La notion d’ambiance est impalpable et influence notre perception du monde tout en étant invisible. Elle constitue surtout un domaine de recherche dans les champs des études de l’architecture et de l’urbanisme (McCullough, 2013). Celle-ci concerne les différentes formes de design de l’environnement permettant d’influencer la perception sensorielle. Il est également question de la conception de dispositifs de diffusion (Breuleux, 2019). Deux réseaux de recherche s’intéressent à ces questions et publient de nombreuses études et actes de colloques sur le sujet : le réseau des ambiances et l’European Architectural Envisioning Architecture conference (EAEA). Dans le contexte du laboratoire, la notion d’ambiance permet de problématiser théoriquement les questions relatives à la sensorialité des environnements. Elle permet de concevoir des cadres méthodologiques interdisciplinaires permettant de tenir compte des perceptions singulières des individus. À ce sujet, voir le paradoxe de l’immersion sensorielle (Breuleux, 2019). Citons aussi, à titre d’exemple, les recherches de Barbara Piga (Piga, Rainiso et al. 2019), portant sur les perceptions de l’environnement architectural en milieu de réalité virtuelle.

Avatars et personnages virtuels

Le sujet des personnages virtuels tels que les avatars, « vactors », « digital doubles », « synthespians » (Kennedy, 2019) est au cœur des recherches pour la conception d’entités artificielles permettant de modéliser des personnages et simuler des comportements. Le sujet des avatars et personnages virtuels porte sur les caractéristiques esthétiques, les systèmes narratifs ou architectures d’émotion ainsi que les relations entre ces personnages et leurs environnements. La recherche, dans le domaine de la création de personnages virtuels ou animés, requiert des connaissances provenant des domaines de la psychologie, des sciences cognitives et de l’intelligence artificielle.

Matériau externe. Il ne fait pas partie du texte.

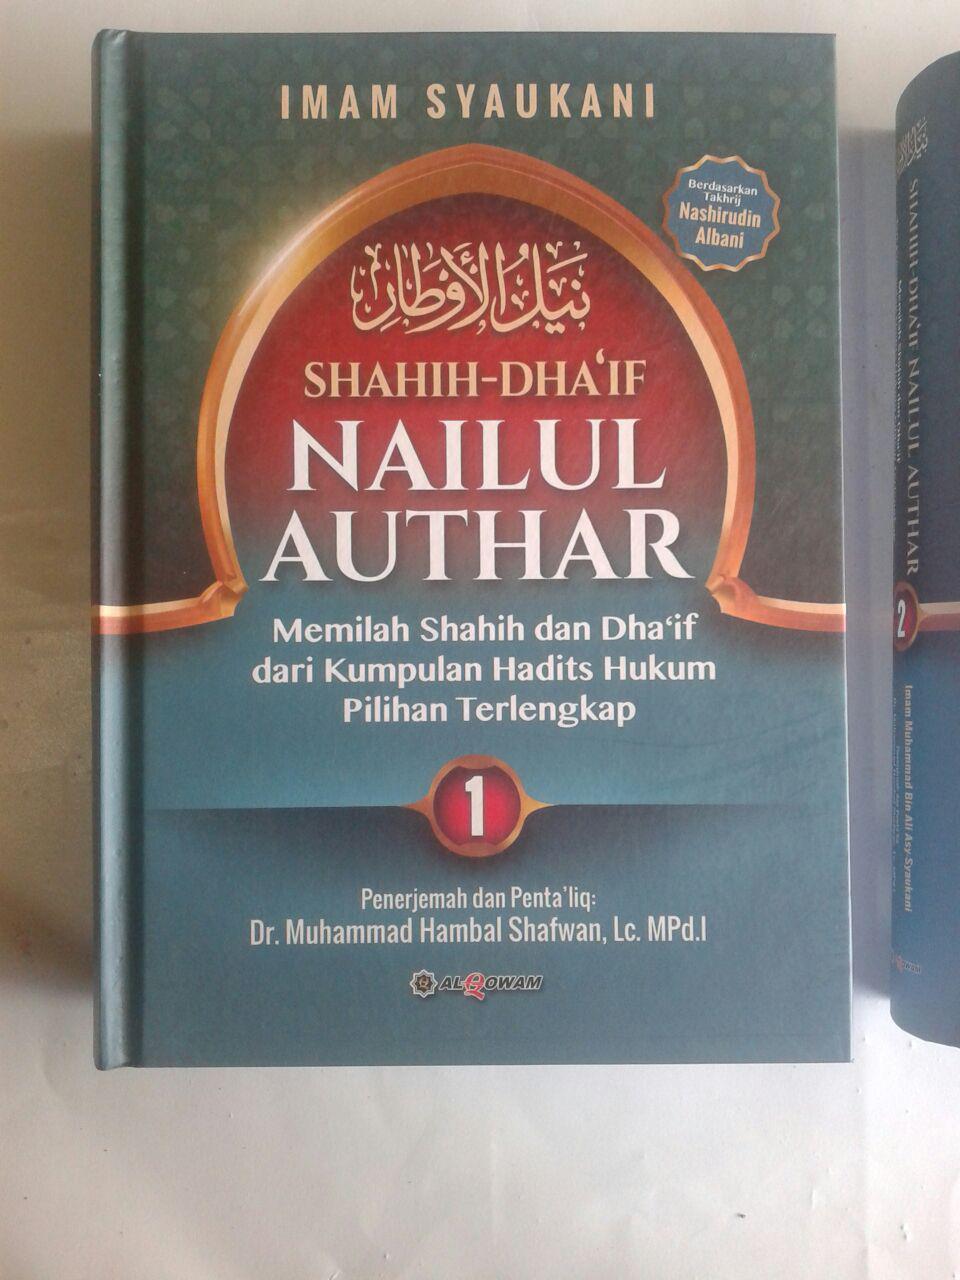 Buku Shahih Dhaif Nailul Authar Kumpulan Hadits Hukum Terlengkap cover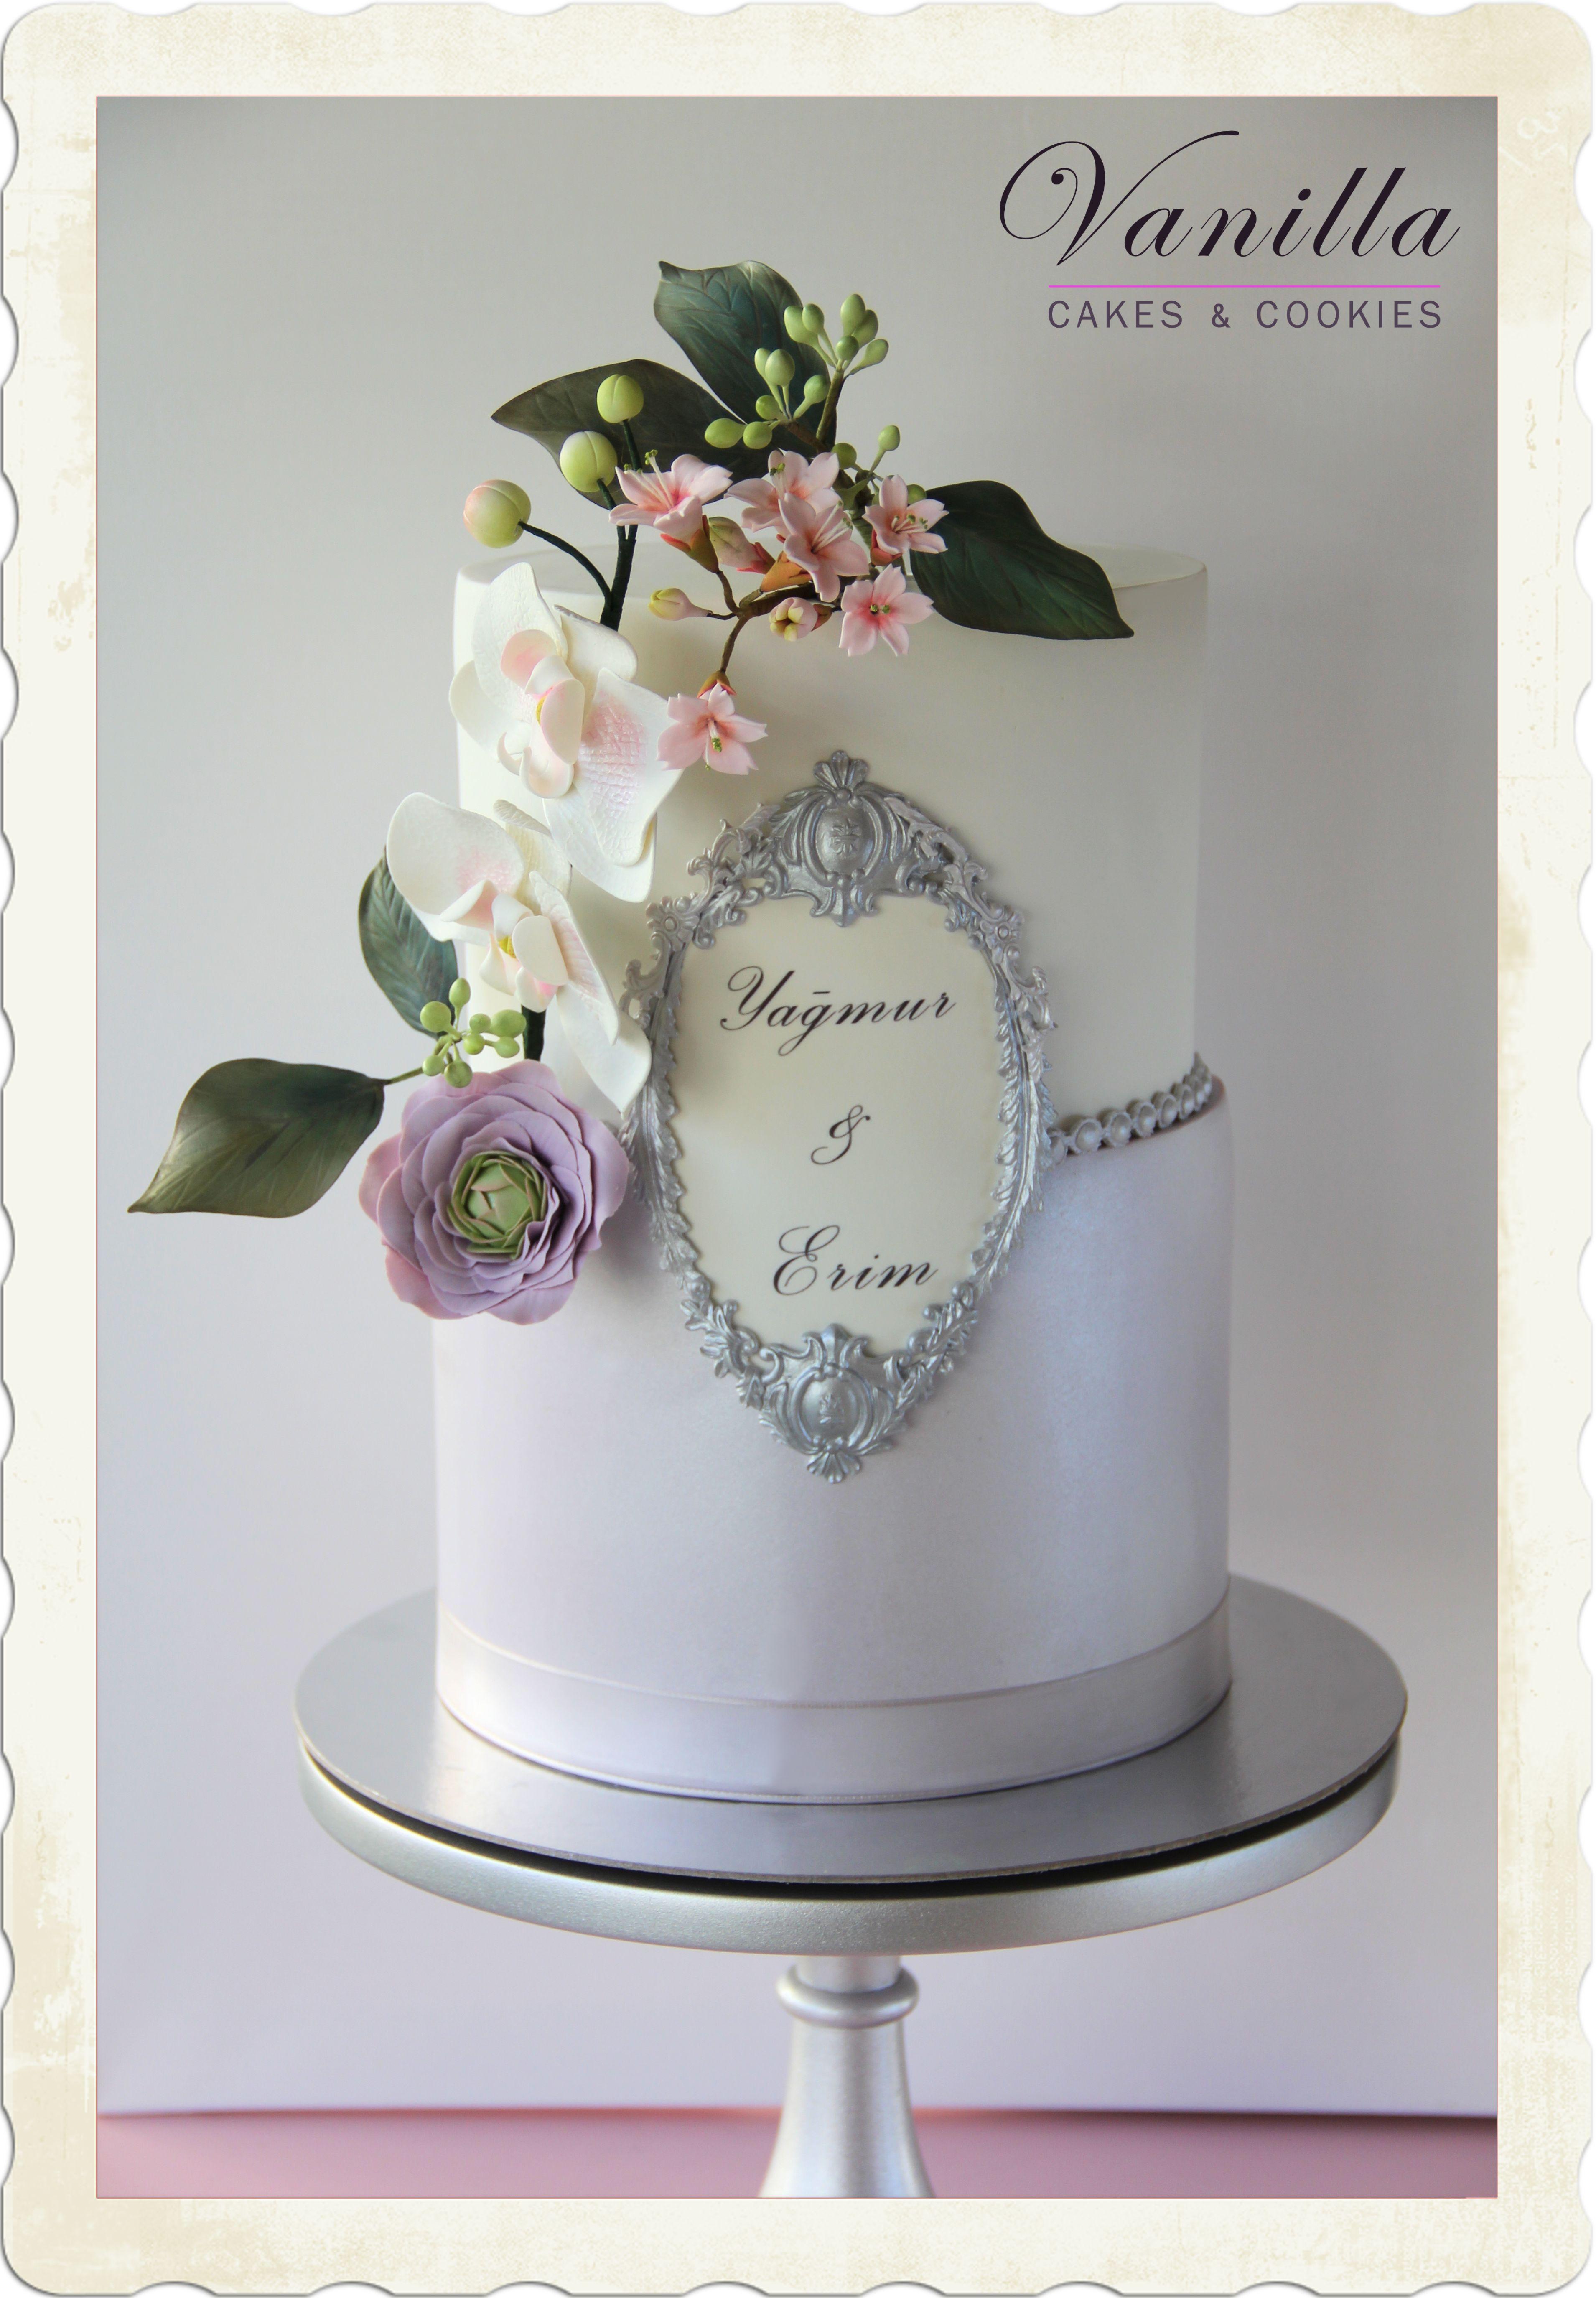 Engagement cake with gumpaste flowers nian pastas eker hamuru engagement cake with gumpaste flowers nian pastas eker hamuru iekli nian pastas wedding izmirmasajfo

Tout personnage – à la fois réaliste ou caricatural – projette une certaine image associée à un ensemble de caractéristiques visuelles et sociales. Sherry Turkle a montré, dans ses essais, comment les individus s’identifient à leurs avatars et comment ceux-ci, loin de constituer des miroirs identitaires, sont plutôt des reflets des fantasmes et des jeux de personnification. Dans le domaine des effets visuels, le phénomène de l’« Uncanny Valley » (Mori, 1970, 2012) provenant de recherches en robotique a démontré l’influence du niveau de réalisme d’un personnage sur l’attraction ou la répulsion du spectateur envers celui-ci. Il existe toute une littérature portant sur les différentes caractéristiques de création de personnages permettant l’empathie chez les spectateurs. Dans le domaine du jeu vidéo et du numérique, les algorithmes de personnalisation laissent entrevoir la création d’avatars de plus en plus complexes, dépassant le simple ajout de caractéristiques physiques pour littéralement fusionner, au niveau de la simulation comportementale, avec les préférences des individus. Par l’usage du temps réel, mentionnons également tout le champ des marionnettes numériques ou « Digital puppetry » (Giesen, 2018) en relation avec des univers virtuels.